**REQUIRED WORK**.
Copy out exactly the lines beginning with the one that contains "你的专属咖啡师,西门子高端全自动咖啡机促销,优惠600欧元" and ending at the last line of the listing, skipping any pictures.

**GIVEN DATA**.
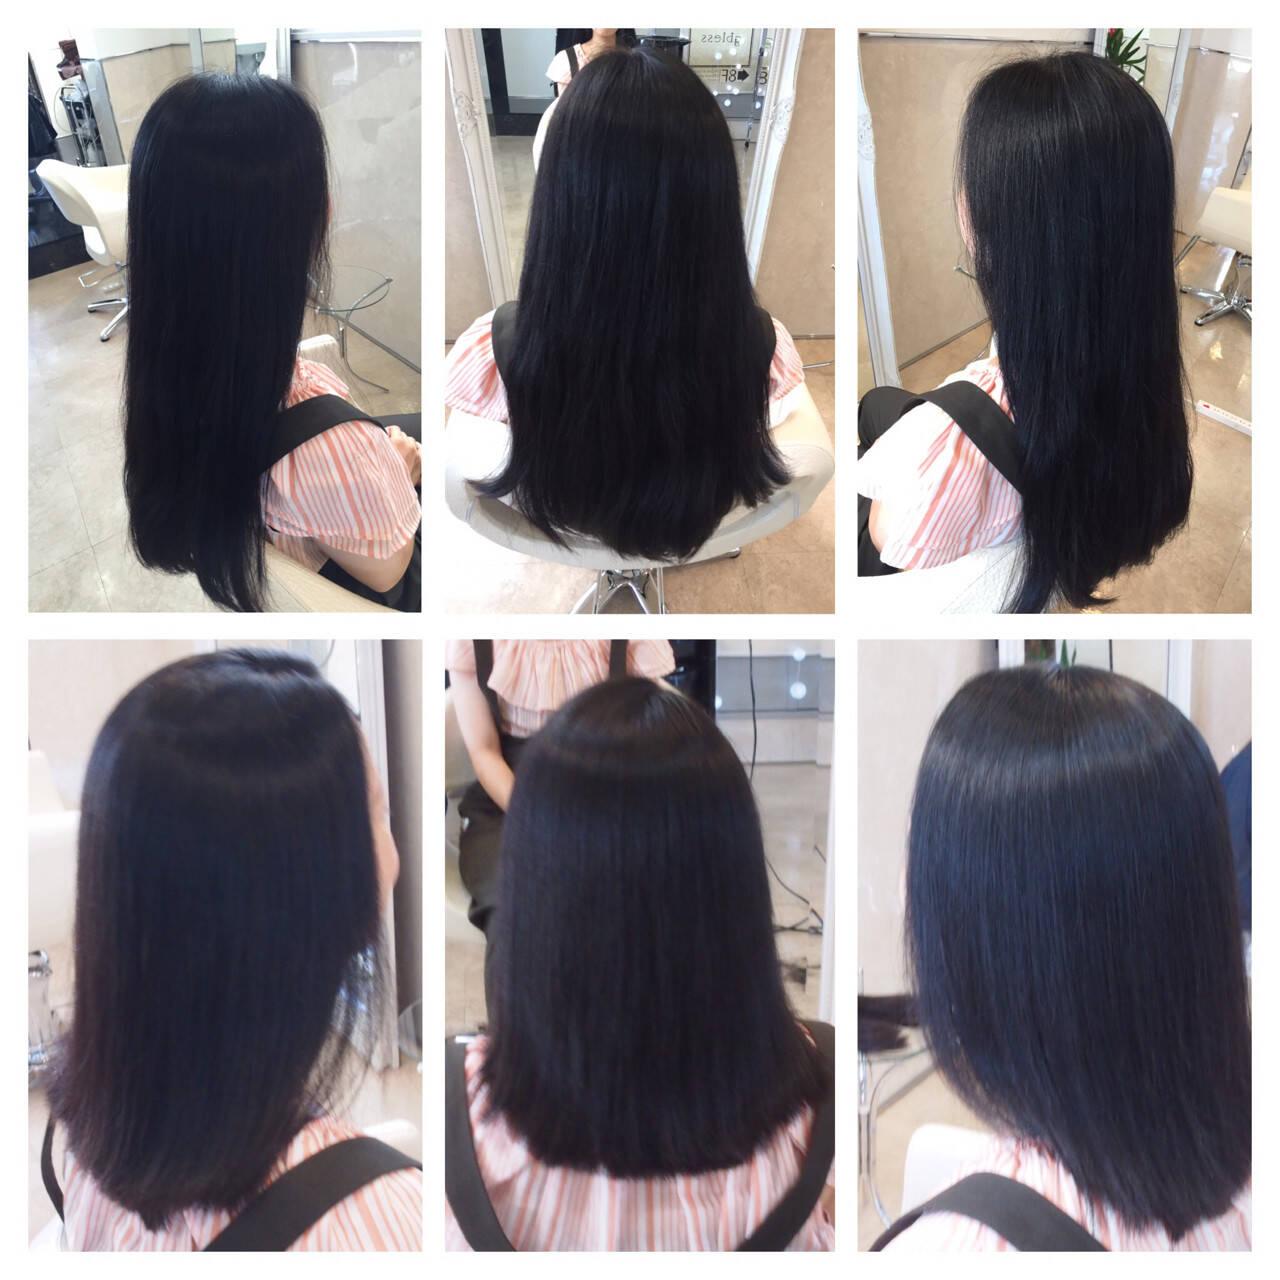 大人女子 セミロング 艶髪 ストレートヘアスタイルや髪型の写真・画像
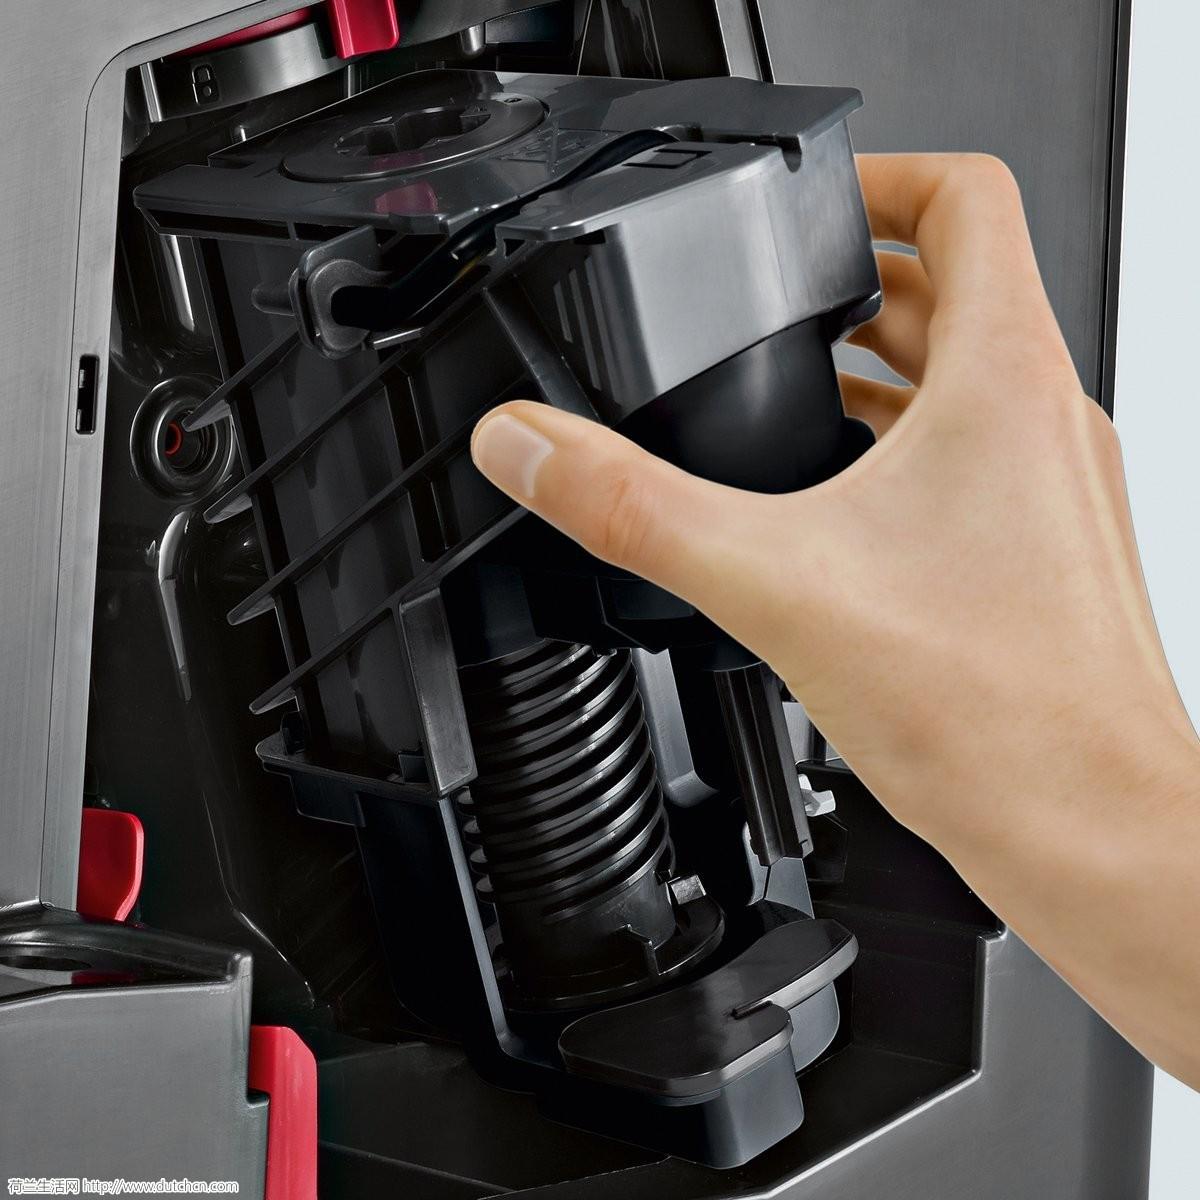 你的专属咖啡师,西门子高端全自动咖啡机促销,优惠600欧元
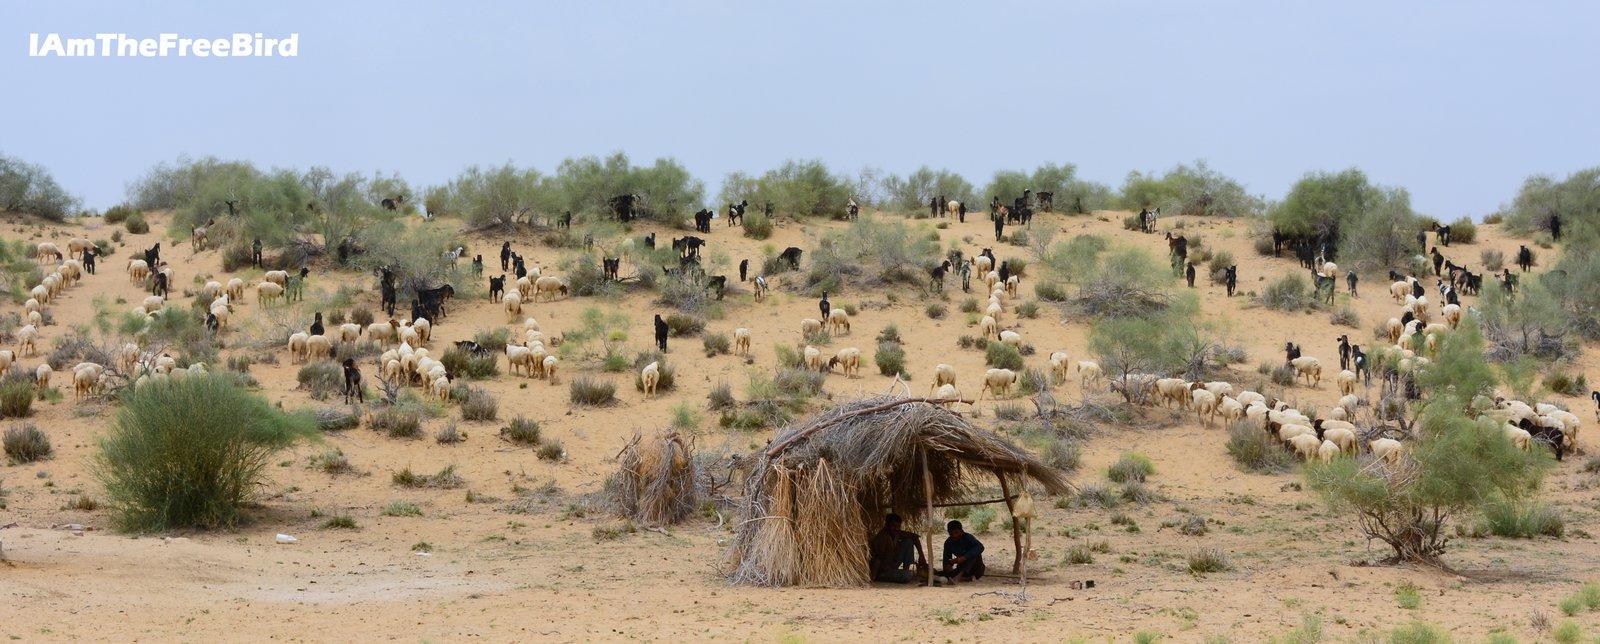 Goats in Jaisalmer desert
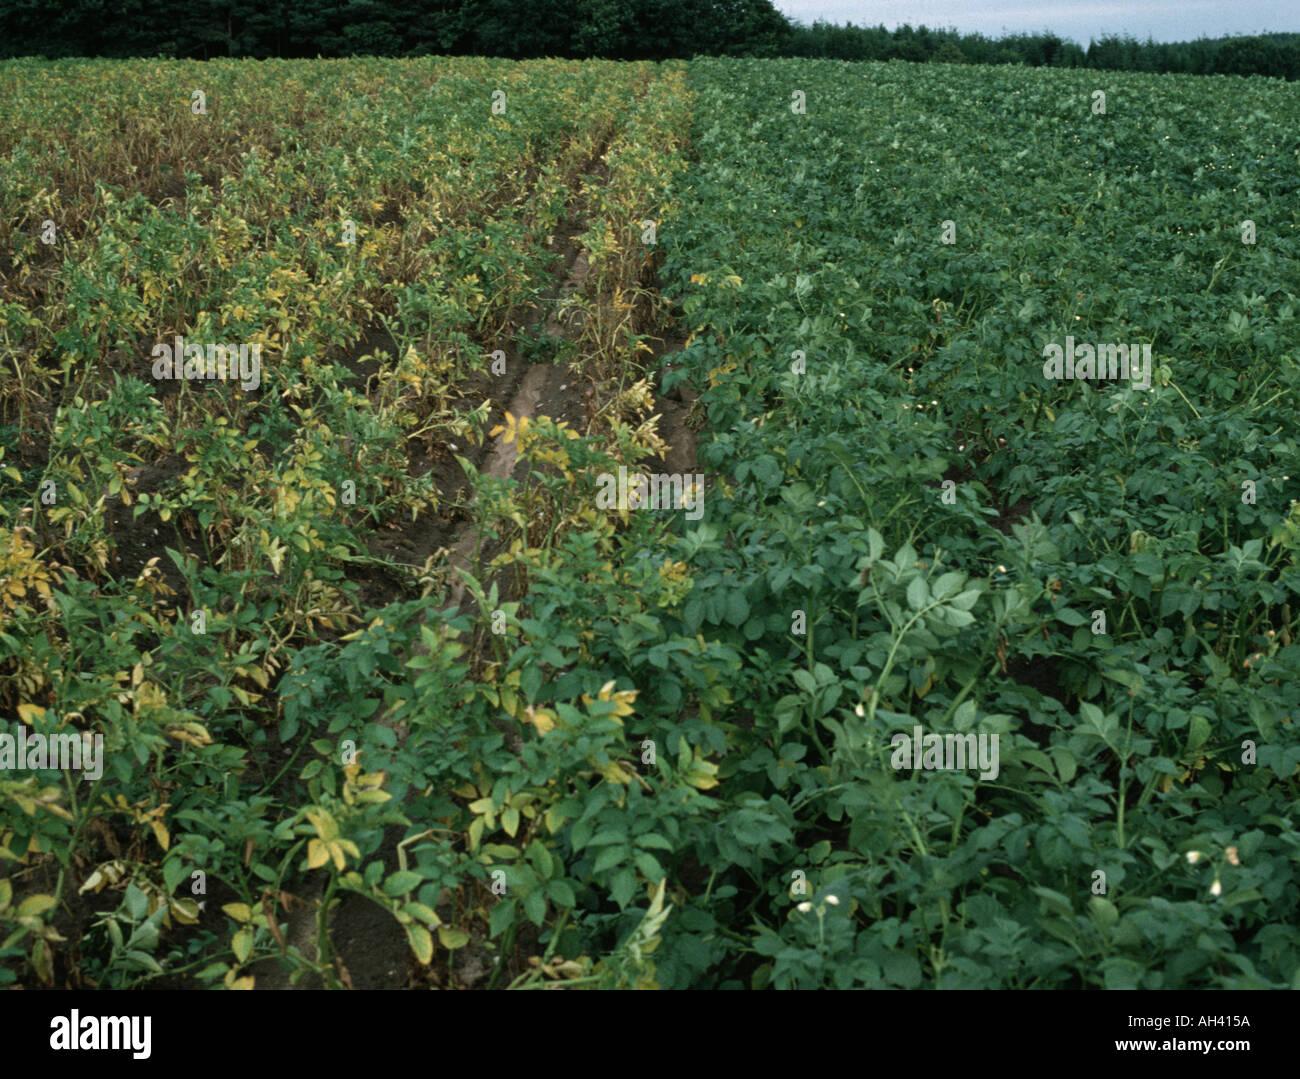 Zwei Sorten von Kartoffeln, die man beständig die anderen anfällig für Goldene Kartoffel Zyste nematode Globodera rostochiensis Stockbild

**OUTPUT OF THE TASK**.
 你的专属咖啡师,西门子高端全自动咖啡机促销,优惠600欧元
 Goats in Jaisalmer desert
 Zwei Sorten von Kartoffeln, die man beständig die anderen anfällig für Goldene Kartoffel Zyste nematode Globodera rostochiensis Stockbild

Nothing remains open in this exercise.